The shape and form of the returned is also specific to the setting and culture of Senegal, with Diop using an Islamic spirit, the Djinn, as a supernatural presence capable of good and evil. “In Muslim culture the Djinns are very important, and I’m very attracted to their aesthetic and seduced by their story and the mise en scène in Western culture,” she says. “In Senegal, they’re supposed to appear invisibly during the sunset, and I’ve always been totally crazy about that imagery. I thought it was interesting that a Senegalese audience could understand these references.”
Diop lives in Paris, but her family hails from Senegal, something which she explored through learning more about her heritage. Her uncle, Senegalese filmmaker Djibril Diop Mambéty, made Touki Bouki in 1973, and she followed his film up with a short documentary companion piece A Thousand Suns in 2013. “When I realised how important my cinematic heritage was, and that I wanted to become a filmmaker, I made this dialogue with Touki Bouki,” she says. “I think his films are impressive and strong in terms of political equity and I myself was using a film to enter a territory, to explore Dakar, and also to connect with a part of myself… my Africanity that was not really expressing herself in Paris or in my very white French environment.”
“I myself was using a film to enter a territory, to explore Dakar, and also to connect with a part of myself… my Africanity that was not really expressing herself in Paris or in my very white French environment” – Mati Diop
Diop spent time researching for Atlantique by travelling to Senegal to explore the real-life experiences of the women who live there. “After I had a first draft, I went to Dakar to meet girls and I organised groups of discussion.
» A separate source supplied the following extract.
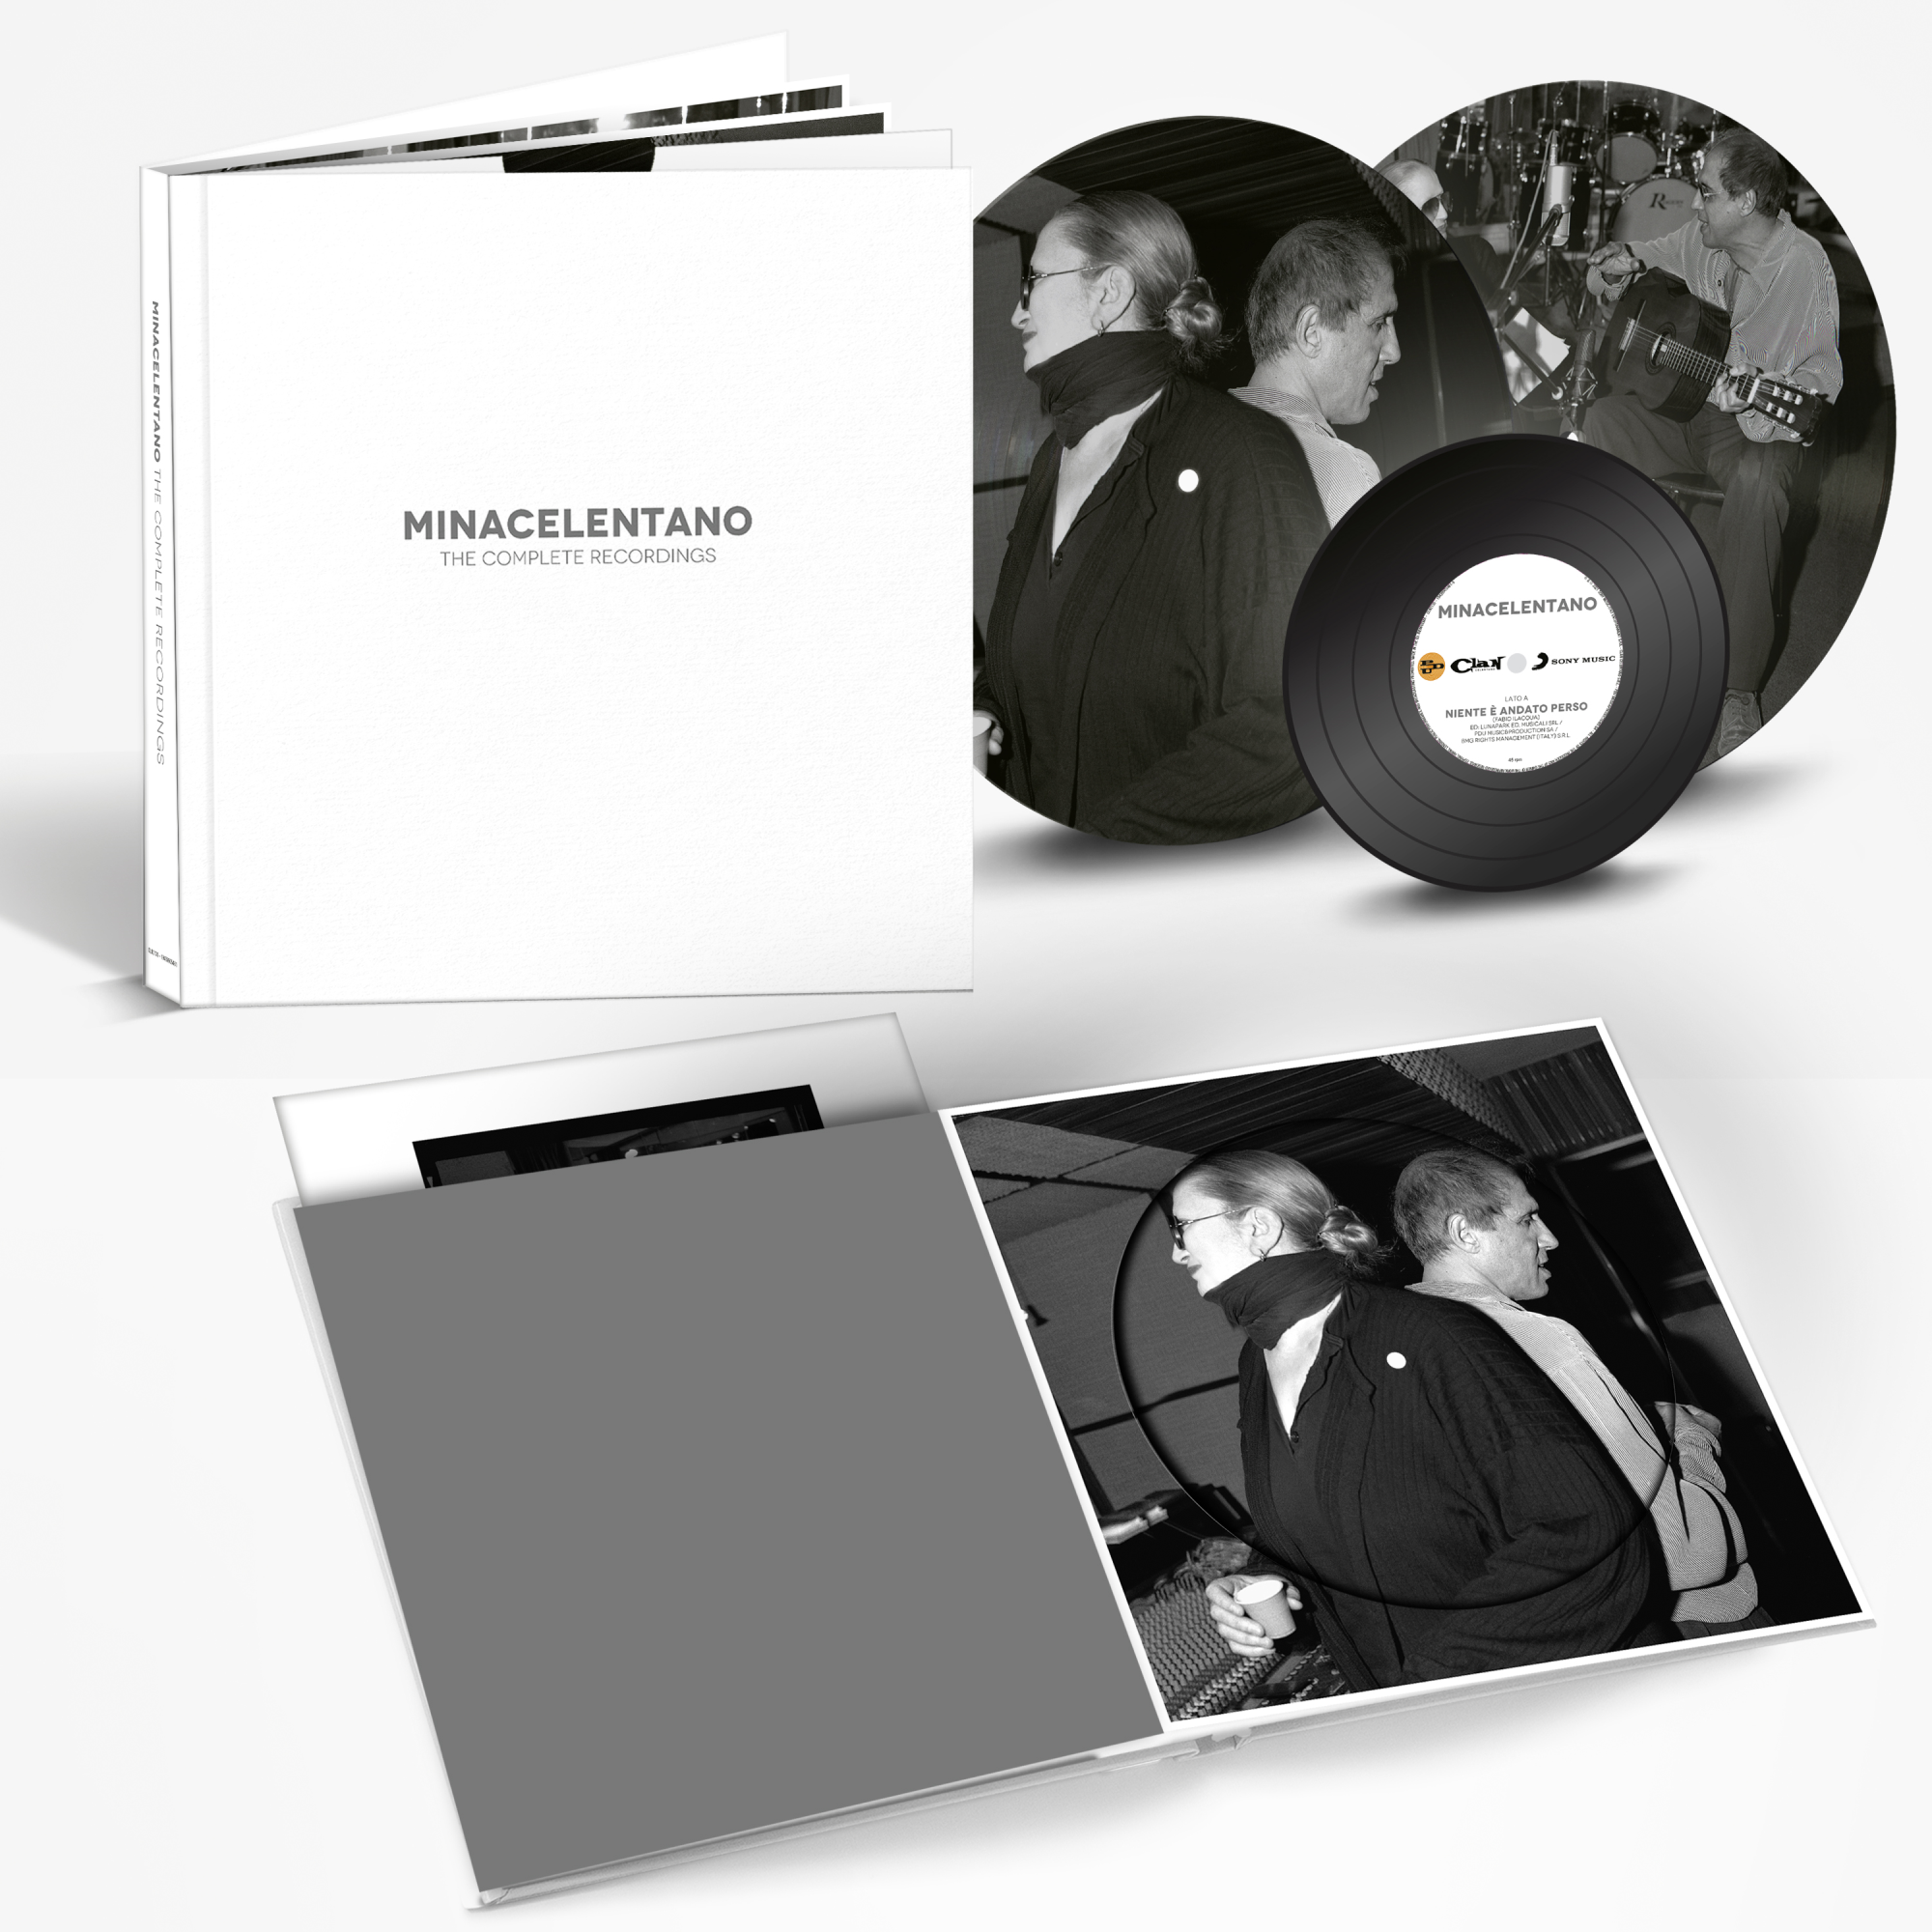 Vinile Minacelentano - The Complete Recordings (Deluxe Special Book) (Picture Disc) (2 Lp+7") NUOVO SIGILLATO, EDIZIONE DEL 10/12/2021 SUBITO DISPONIBILE

We talked about marriage, we talked about sex, love, and religion and I discovered a lot of different visages (faces). All the different personalities the girls have in the film, and issues and contradictions they’re in, are really fed by all the meetings I had. A lot of girls are not afraid to admit that they profit from men, and that they use men to entertain themselves and I was really intrigued by that. There was no guilt. I thought it was very capitalist, feminist behaviour and it brought a lot of comedy into the film because it has a very cynical touch.”
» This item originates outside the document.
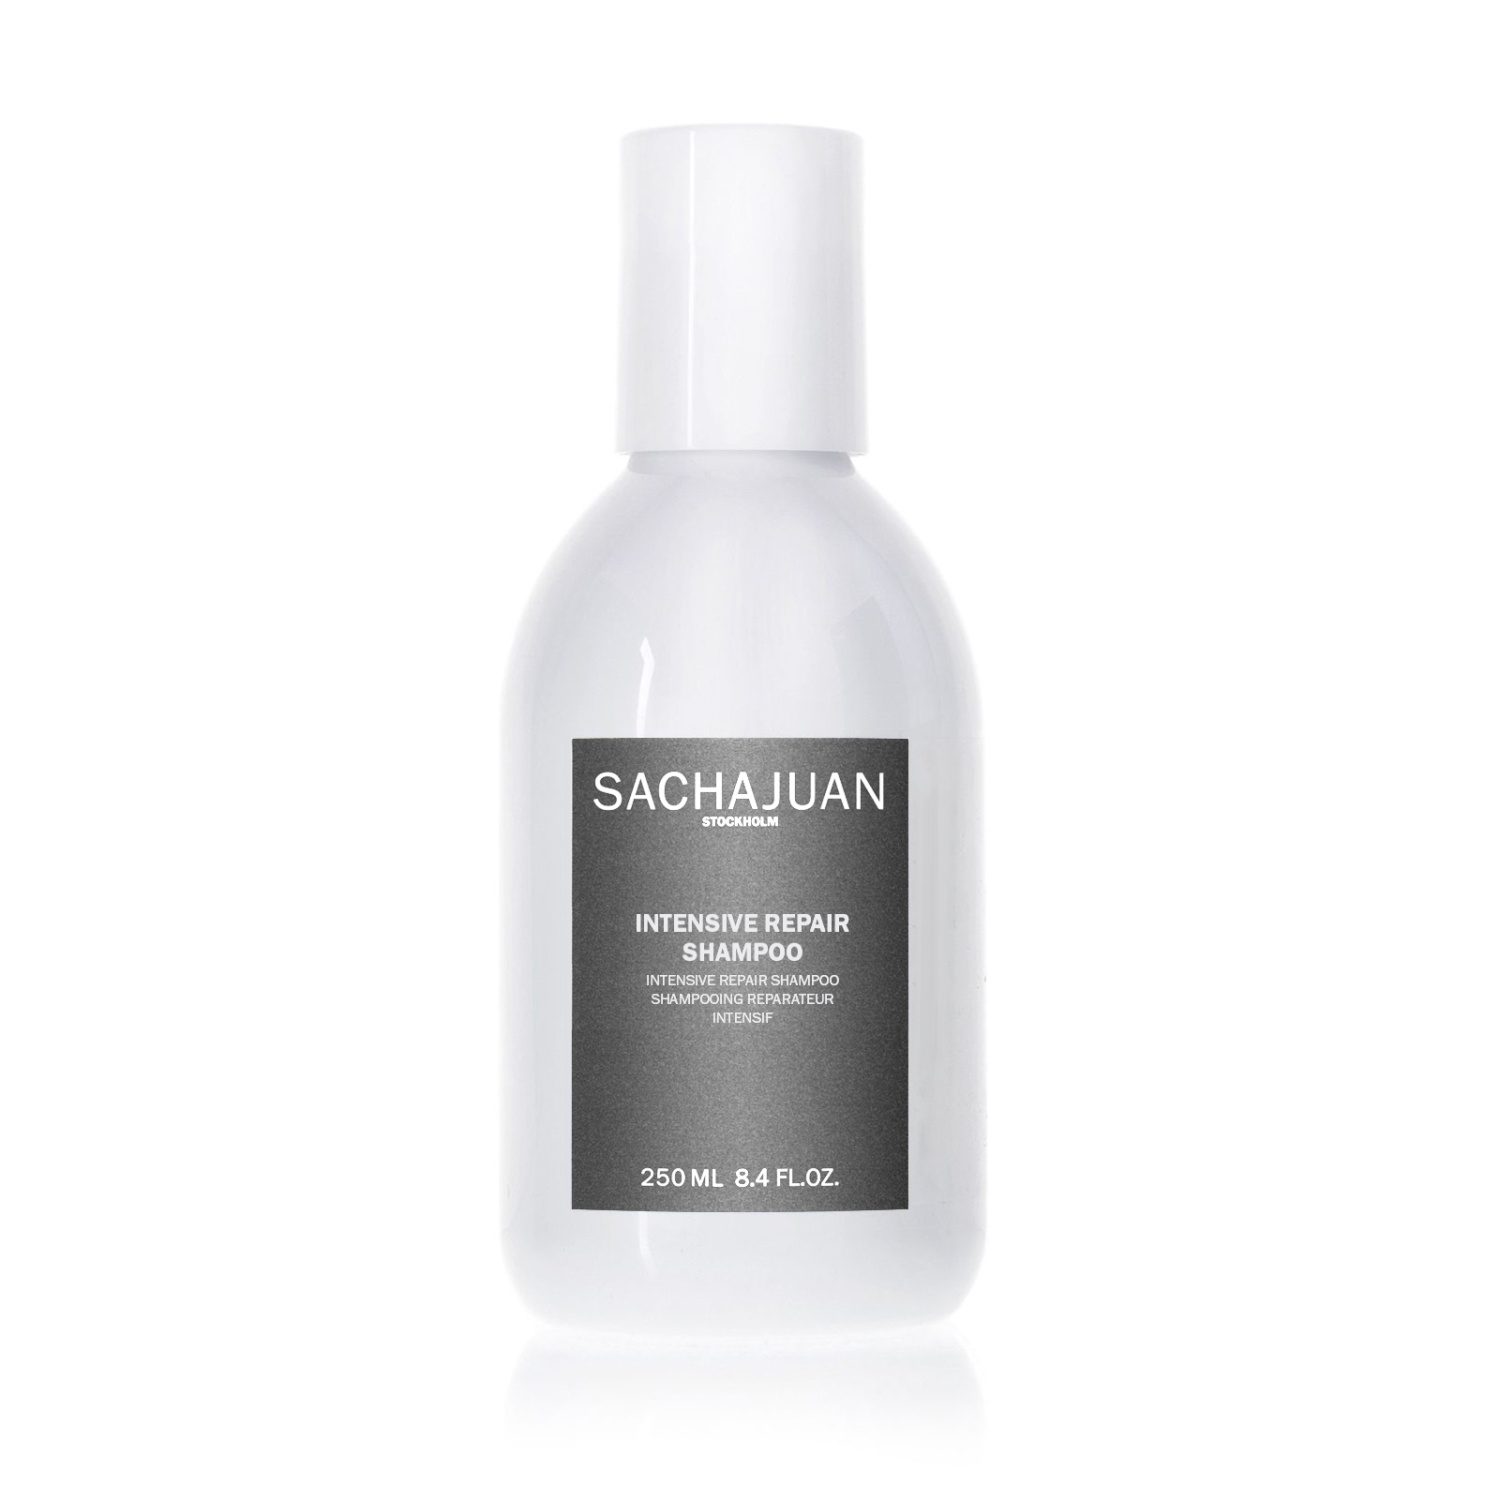 Sachajuan Intensive Repair Shampoo 250ml - интернет-магазин профессиональной косметики Spadream, изображение 48254

Atlantique is a unique film about the refugee crisis that speaks directly to global political issues while also paying deep respect to the Wolof-speaking community by using culturally-specific visuals to display their heartbreak and anger. It depicts the reasons why people choose to leave their homeland, the courage it takes to set sail on a practically doomed voyage, and does it all with drama, total integrity and somehow, biting humour.